To address these problems, other valuable resources are gradually being used for protein complex prediction. For example, several recent studies [10], [11] have investigated gene expression data to improve protein complex prediction. These studies mainly defined specific scoring methods based on gene expression data, and constructed more reliable weighted PPI networks. The intuition behind them is that the weighted PPI networks should better represent the actual interaction network than the initial binary PPI networks.

Gene Ontology (GO) is another useful resource, and is currently one of the most comprehensive ontology databases in the bioinformatics community [12]. GO aims to standardize the annotation of genes and gene products across species and provides a controlled vocabulary of terms for describing gene product biological properties, which is a significant addition to PPI data for protein complex prediction.

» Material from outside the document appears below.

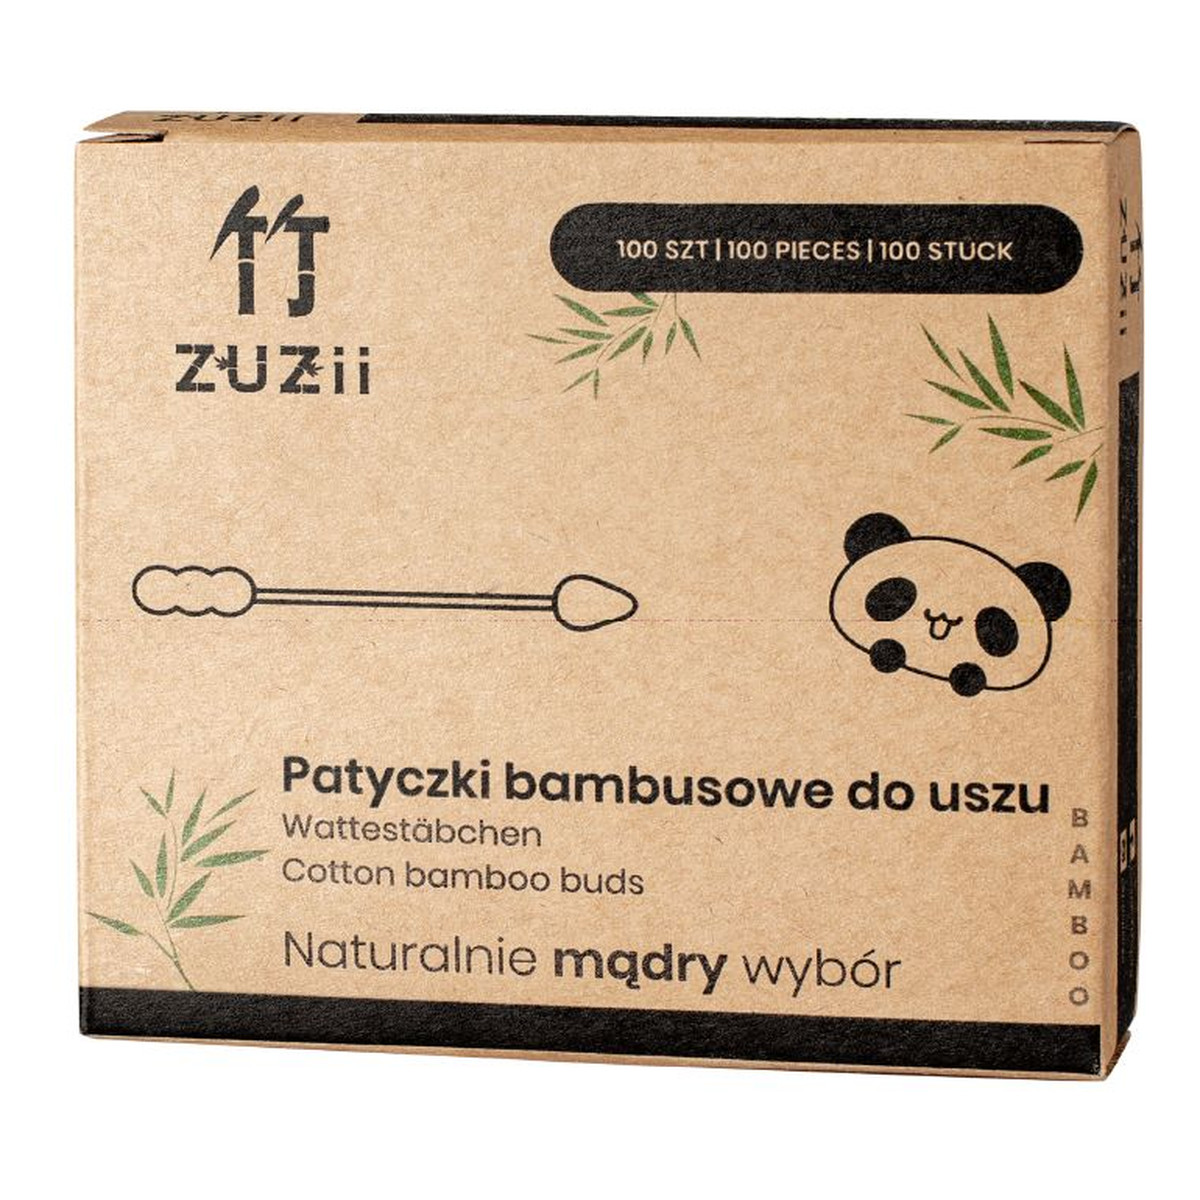 ZUZii Patyczki higieniczne bambusowe z bawełną (bałwanek-szpic) 100 szt

Due to the inherent biological properties of protein complexes, the ideal method for protein complex prediction should generate clusters in PPI networks which have a cohesive topological structure with similar GO annotations, by balancing the topological structure and GO annotation similarities. Figure 1 shows an example of protein complex prediction. Figure 1 (a) is a simple PPI network where a vertex represents a protein and an edge represents the interaction between two proteins. Figure 1 (b) is the PPI network annotated by GO slims. As we can see, due to the presence of noise and the complex connectivity of PPI data, it is hard to predict protein complexes from the PPI network in Figure 1 (a). However, if we consider the GO annotation information of each protein in Figure 1 (b), we can predict two complexes reasonably well in Figure 1 (c).

Figure 1

An example of protein complex prediction: (a) A PPI network is constructed by eight proteins. (b) The PPI network is annotated by GO slims. (c) Prediction of two protein complexes in the PPI network based on structural and GO annotation similarities.

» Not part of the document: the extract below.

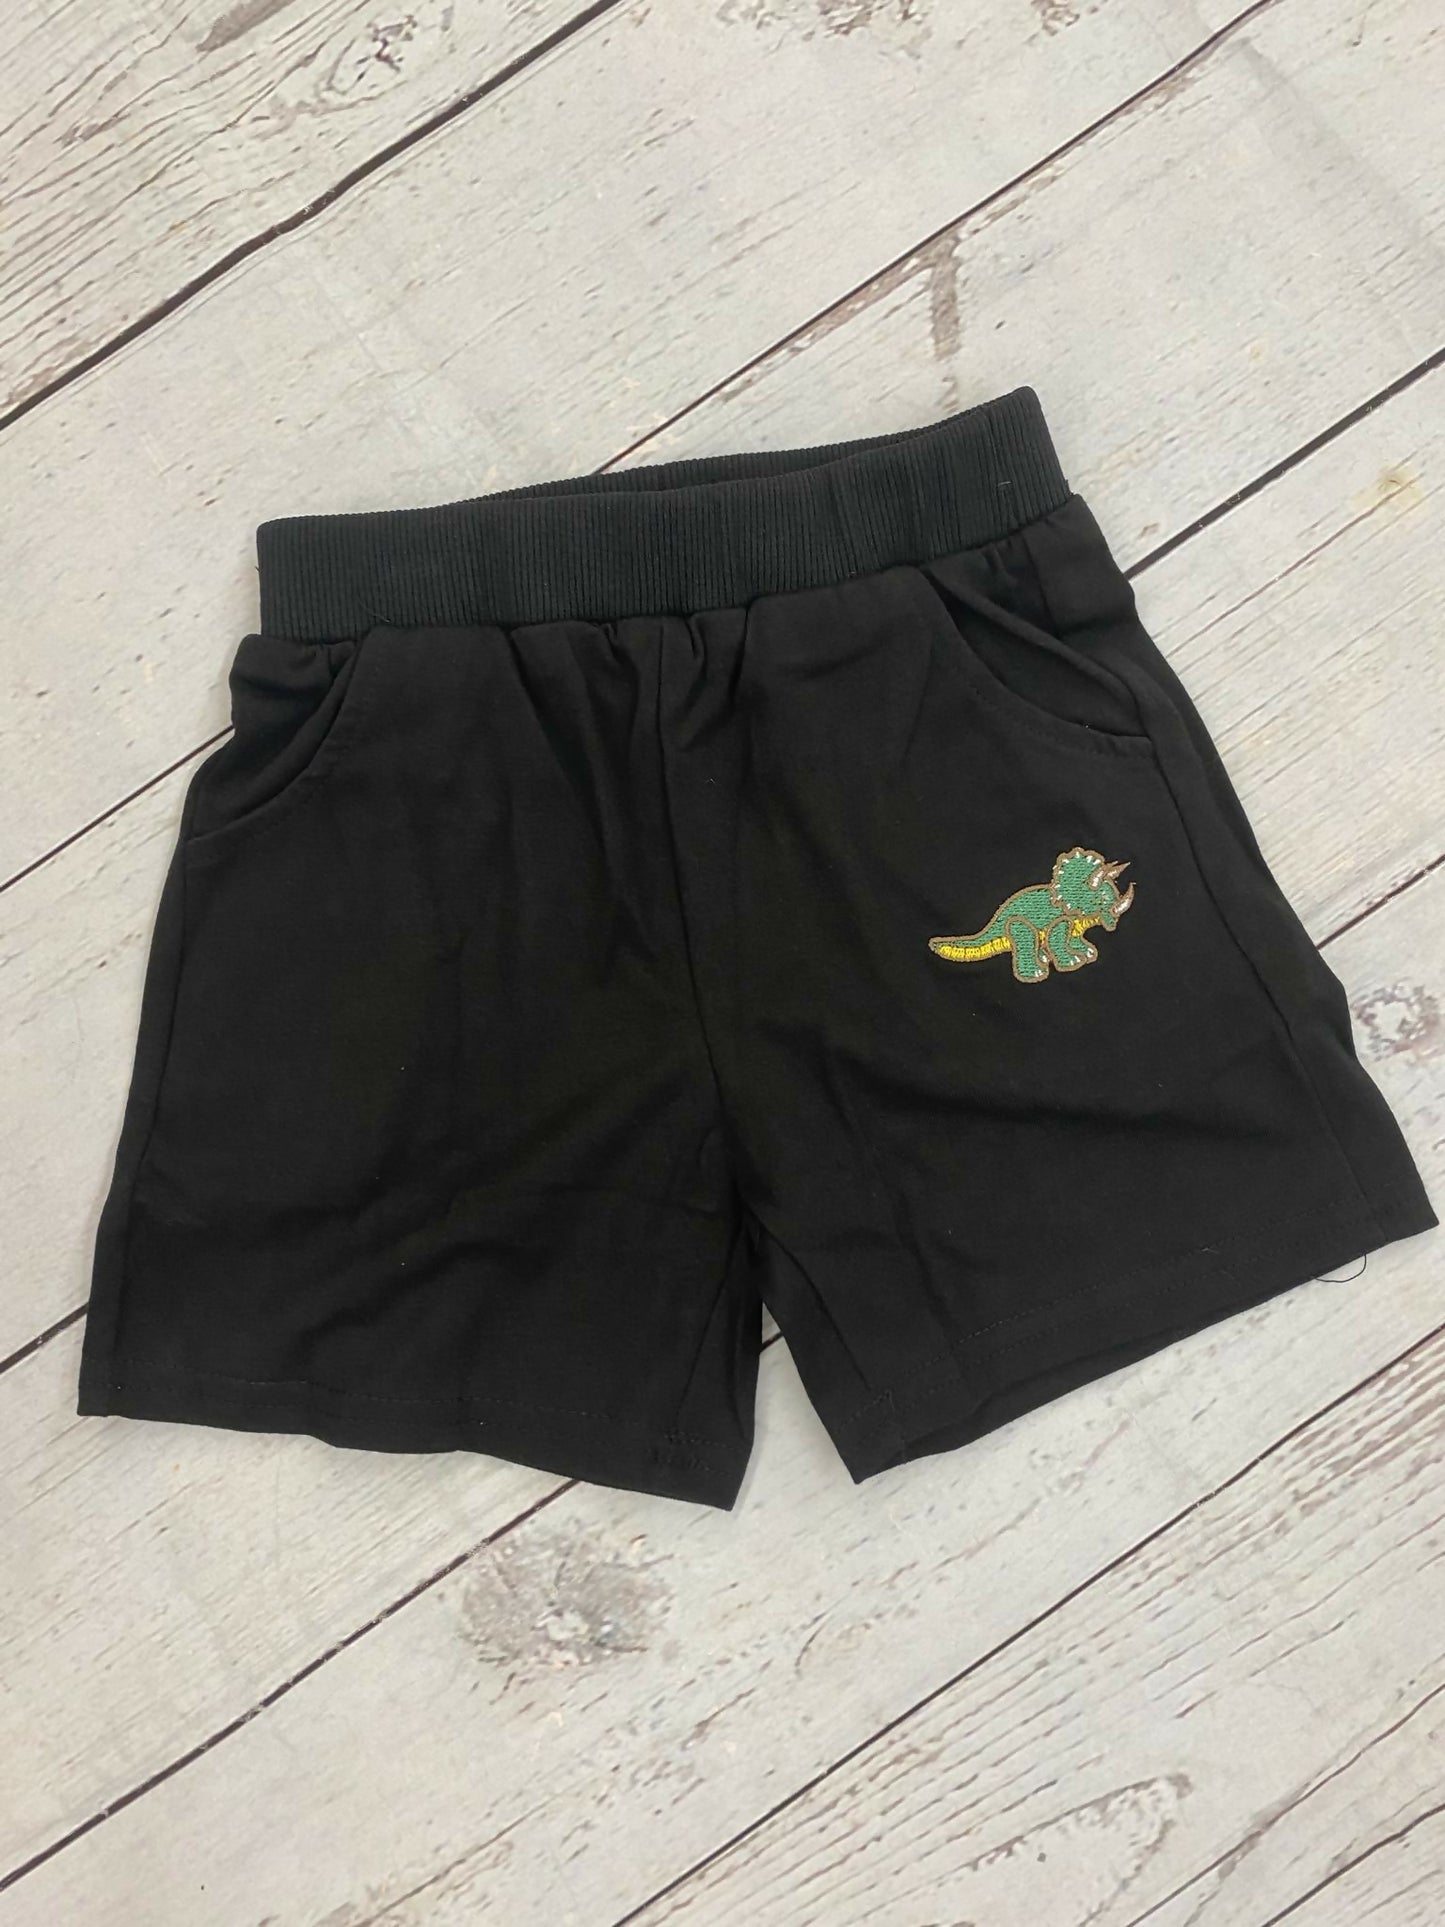 Black Dinosaur Boy Shorts

In this study we determined how to predict protein complexes based on both the topological structure of PPI networks and GO annotation similarities. We proposed a novel method for protein complex prediction, called COAN, based on attribute graph clustering theory [13]. The key to our method was to integrate the PPI data and GO into a unified framework by constructing ontology augmented networks. In the ontology augmented networks, we used a unified distance measure to estimate the pairwise vertex closeness. Based on the ontology augmented graph and unified distance measure, COAN generated seed cliques from the maximal cliques in the PPI networks, and expanded clusters starting from the seed cliques. In the experimental section, we showed that COAN was competitive or superior in performance, compared with the state-of-the-art methods used for protein complex prediction.

Materials and Methods

Ontology augmented networks

Some resources, such as gene expression data, have been used to assess the reliability of protein interactions. These methods usually assign a score to each protein pair. Unlike these methods, we integrated the PPI data and GO into a unified framework by constructing ontology augmented networks, based on attribute graph clustering theory [13].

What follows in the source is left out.